Welcome to MT, Walt!


----------



## stone_dragone (May 17, 2006)

If Chuck Norris were here, he'd say "Hello".

And by "Say 'Hello'" I mean he'd roundhouse kick you in the head, but he'd do it with a warm smile.

Welcome


----------



## Tames D (May 17, 2006)

Welcome Walt. I fairly new here myself and it's a great forum.
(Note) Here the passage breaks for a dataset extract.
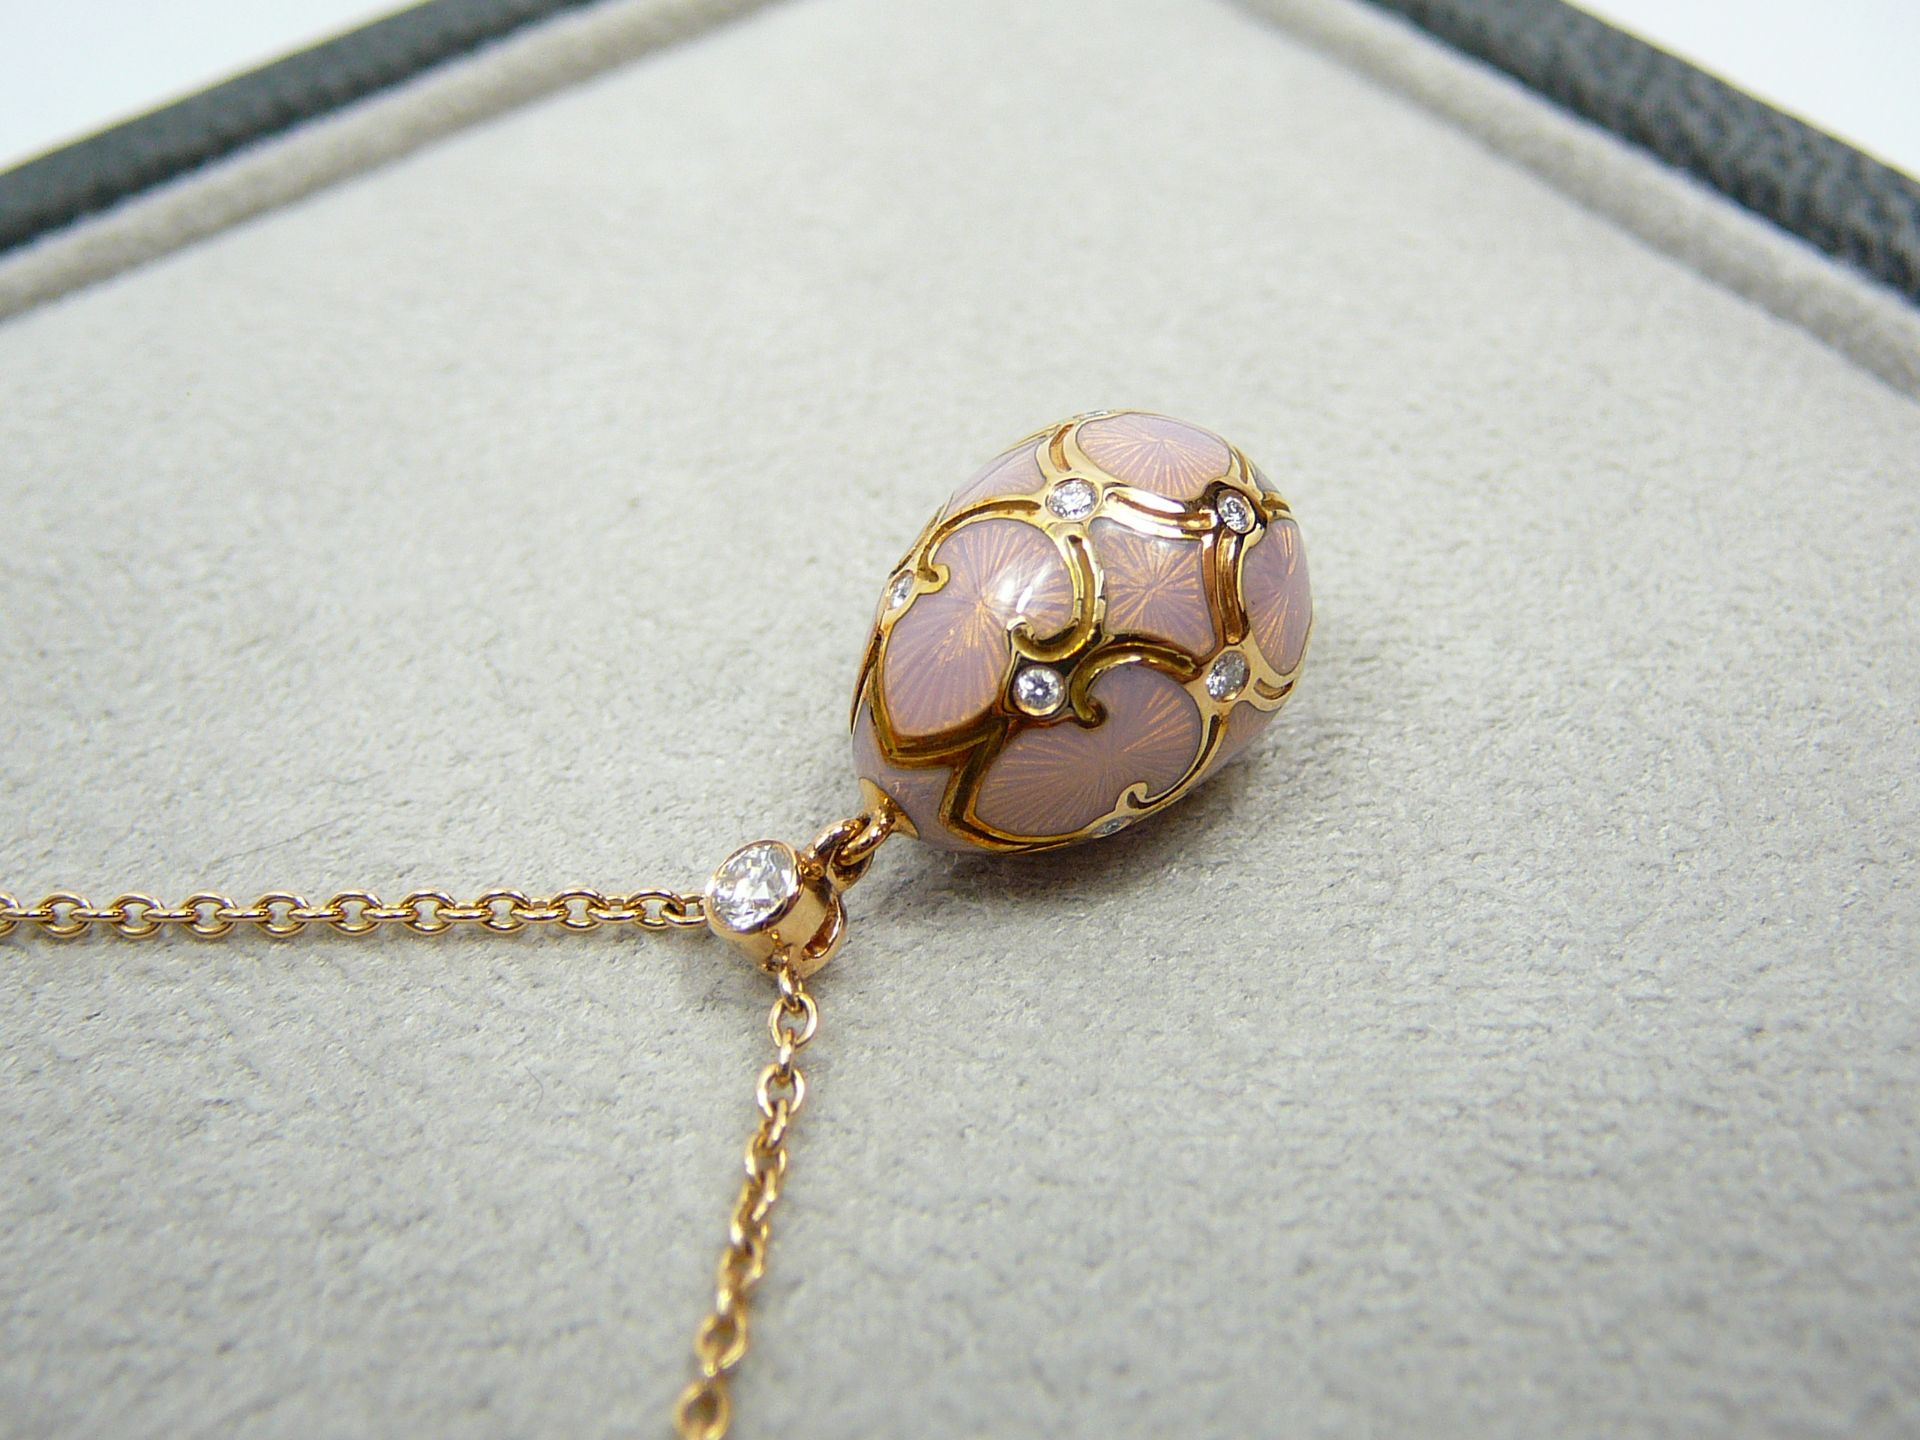 Faberge gold egg pendant - Image 3 of 4
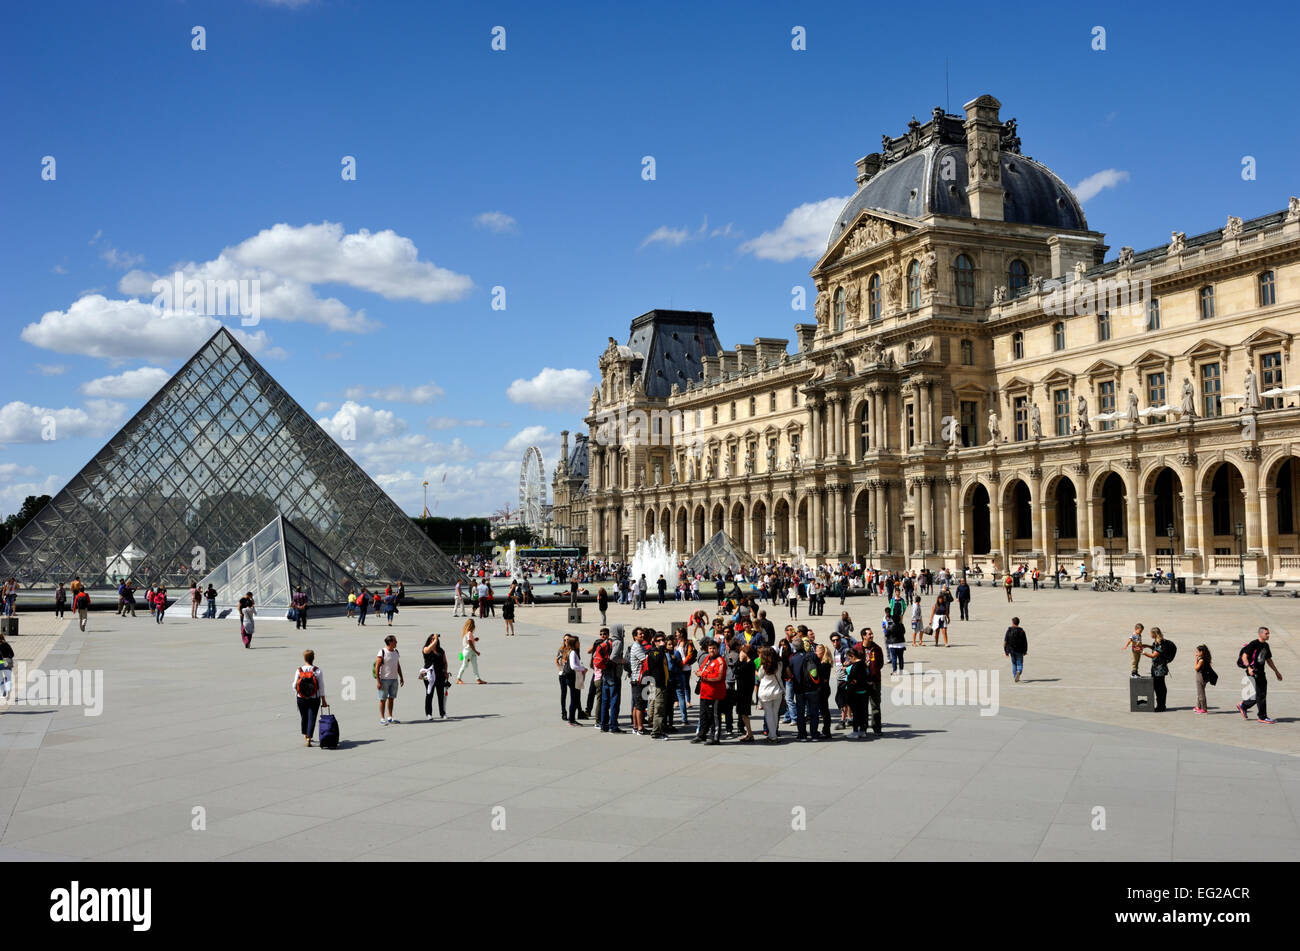 Paris, Louvre museum and pyramid Stock Photo

Be safe over there!


----------



## bobster_ice (May 17, 2006)

Hey Walt, welcome to MT!!


----------



## tshadowchaser (May 17, 2006)

Welcome to the forum and be safe over there


----------



## eismann31 (May 17, 2006)

Hey Walt, welcome!!!


----------



## Kacey (May 17, 2006)

Welcome, and happy posting!   I hope your tour is safe - I have a former student who served in Iraq (former because his night shift job means he can't make any of the available class times, now that he's back) who had some really interesting stories... like the picture of the foot long scorpion... eeuuewww...


----------



## Rick Wade (May 18, 2006)

Aloha and welcome to the boards.  Happy posting.

V/R

Rick


----------



## Swordlady (May 18, 2006)

Welcome to MT!  Thanks for your service to your country, and be safe.


----------



## HKphooey (May 18, 2006)

Welcome to MT.  Happy posting

Watch your 6!


----------



## Jade Tigress (May 19, 2006)

Welcome to Martial Talk ~ Happy Posting


----------



## green meanie (May 19, 2006)

Your service is deeply appreciated. Welcome aboard! :asian:


----------



## bluemtn (May 20, 2006)

Welcome to Martial talk, Walt!  Happy posting!


----------



## kelly keltner (May 21, 2006)

welcome


----------



## still learning (May 23, 2006)

Hello, Welcome and enjoy the sites.......Aloha


----------



## Raewyn (May 24, 2006)

Welcome to MT.  Look forward to your posts


----------



## KenpoTess (May 24, 2006)

Good to have you here 

Welcome and Enjoy~!

~Tess


----------



## matt.m (May 24, 2006)

Welcome Walt,

Also and more importantly Semper Fi from a Jarhead from the mid nineties.  Hats off to you bub.  Do us proud.

Semper Fi and Hoshin,

Matt


----------



## Bob Hubbard (May 24, 2006)

Welcome!


----------



## Cyber Ninja (May 24, 2006)

Welcome FNG... What branch of the armed forces are you in? Take care while deployed...be safe and come home soon!


----------



## OnlyAnEgg (May 25, 2006)

Welcome to MT, Walt!


----------